Identification in HIV-1
In HIV immunity, factors that potentially distinguish between protective and ineffective anti-HIV-1 immune responses and control disease progression relate to epitope-MHC binding as well as stability and affinity. Researchers at ProImmune recently supported a study carried out by Samantha Westrop and her colleagues at Imperial College to examine the details of HIV-1 CD8+ T-cell epitope recognition. This study used rapid peptide synthesis, Reveal binding and affinity assays, and ProVE Pentamer synthesis in conjunction with flow cytometry, as well as ELISpot analyses to discover new T-cell epitopes for HIV-1.
The rate of HIV-1 disease progression is also influenced by the genetic profile of an individual. For example, individuals with HLA-B35 and HLA-B8 profiles have been associated with an increased rate of disease progression in HIV-1+ infections. To discover possible reasons for this rapid disease progression, ProImmune’s methods were used to investigate the HIV-1 Gag peptide-specific CD8+ T-cell immune response mounted by HLA-B35+ individuals. Initially, forty-four 9-mer HIV-1 Gag peptides were synthesized as a PEPscreen® Custom Peptide Library, and were assessed for binding to B*35:01 using the Reveal MHC-peptide binding assay.

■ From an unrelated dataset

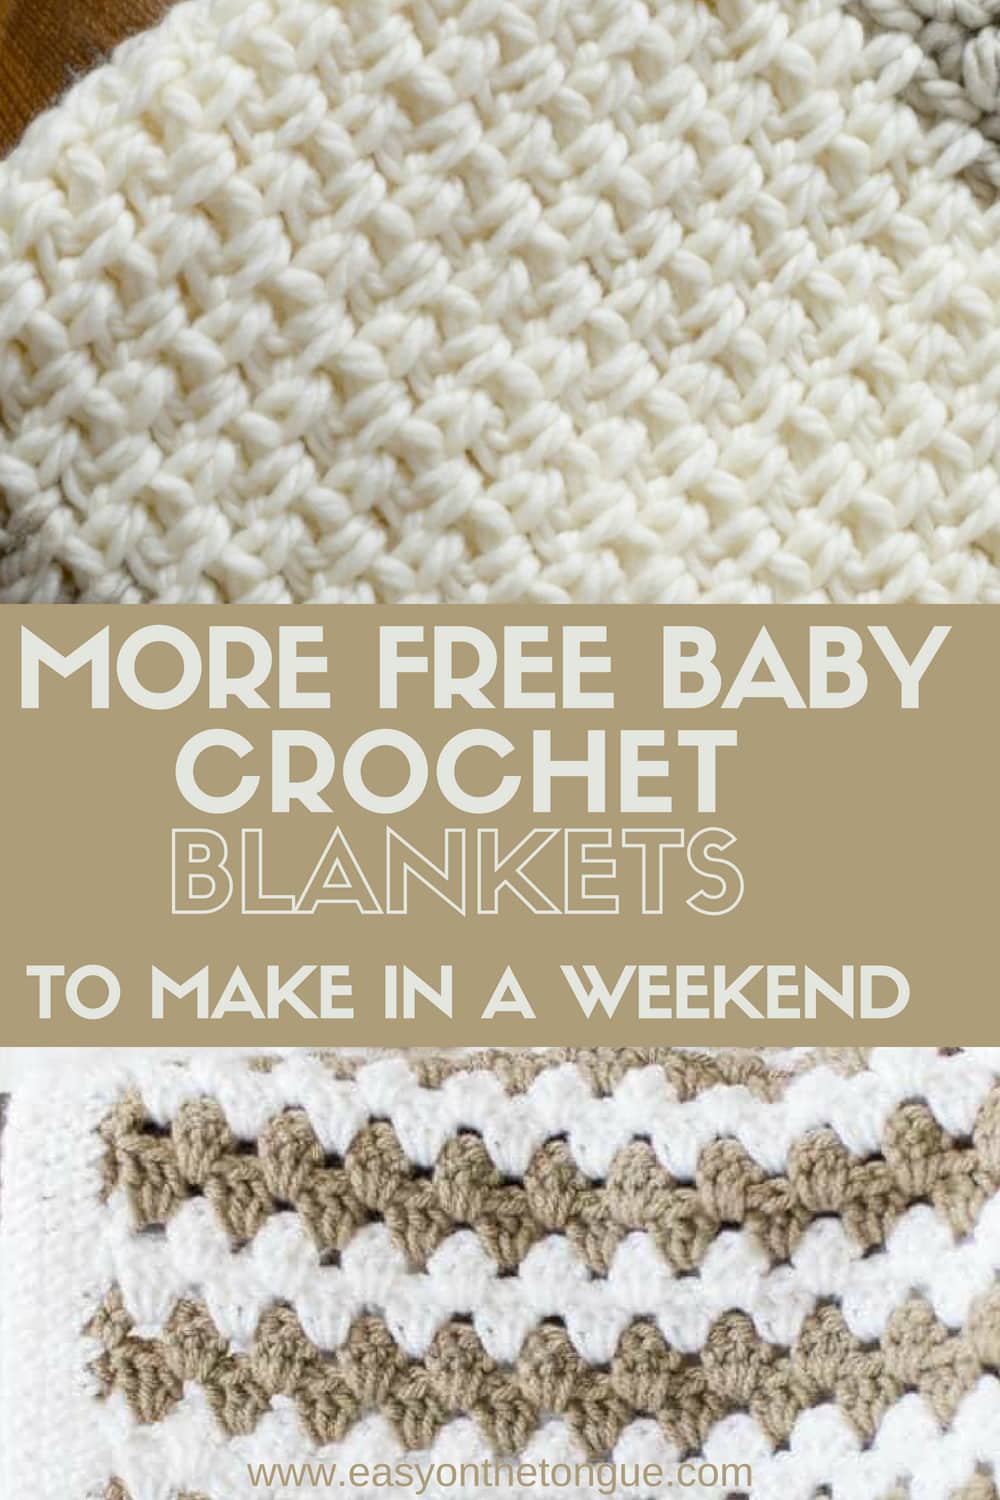 More Free Baby Crochet Blanket Patterns to do in a weekend

The results implicated 12 peptides as potential epitopes (Figure 1), and these were further analyzed with the Reveal rate assay to determine their rates of dissociation from the MHC complex. Two of the 9-mer peptides, YPLTSLRSL (peptide 1) and HPVHAGPIA (peptide 8) were found to form a stable complex with B*35:01, indicating that these may be potential novel epitopes.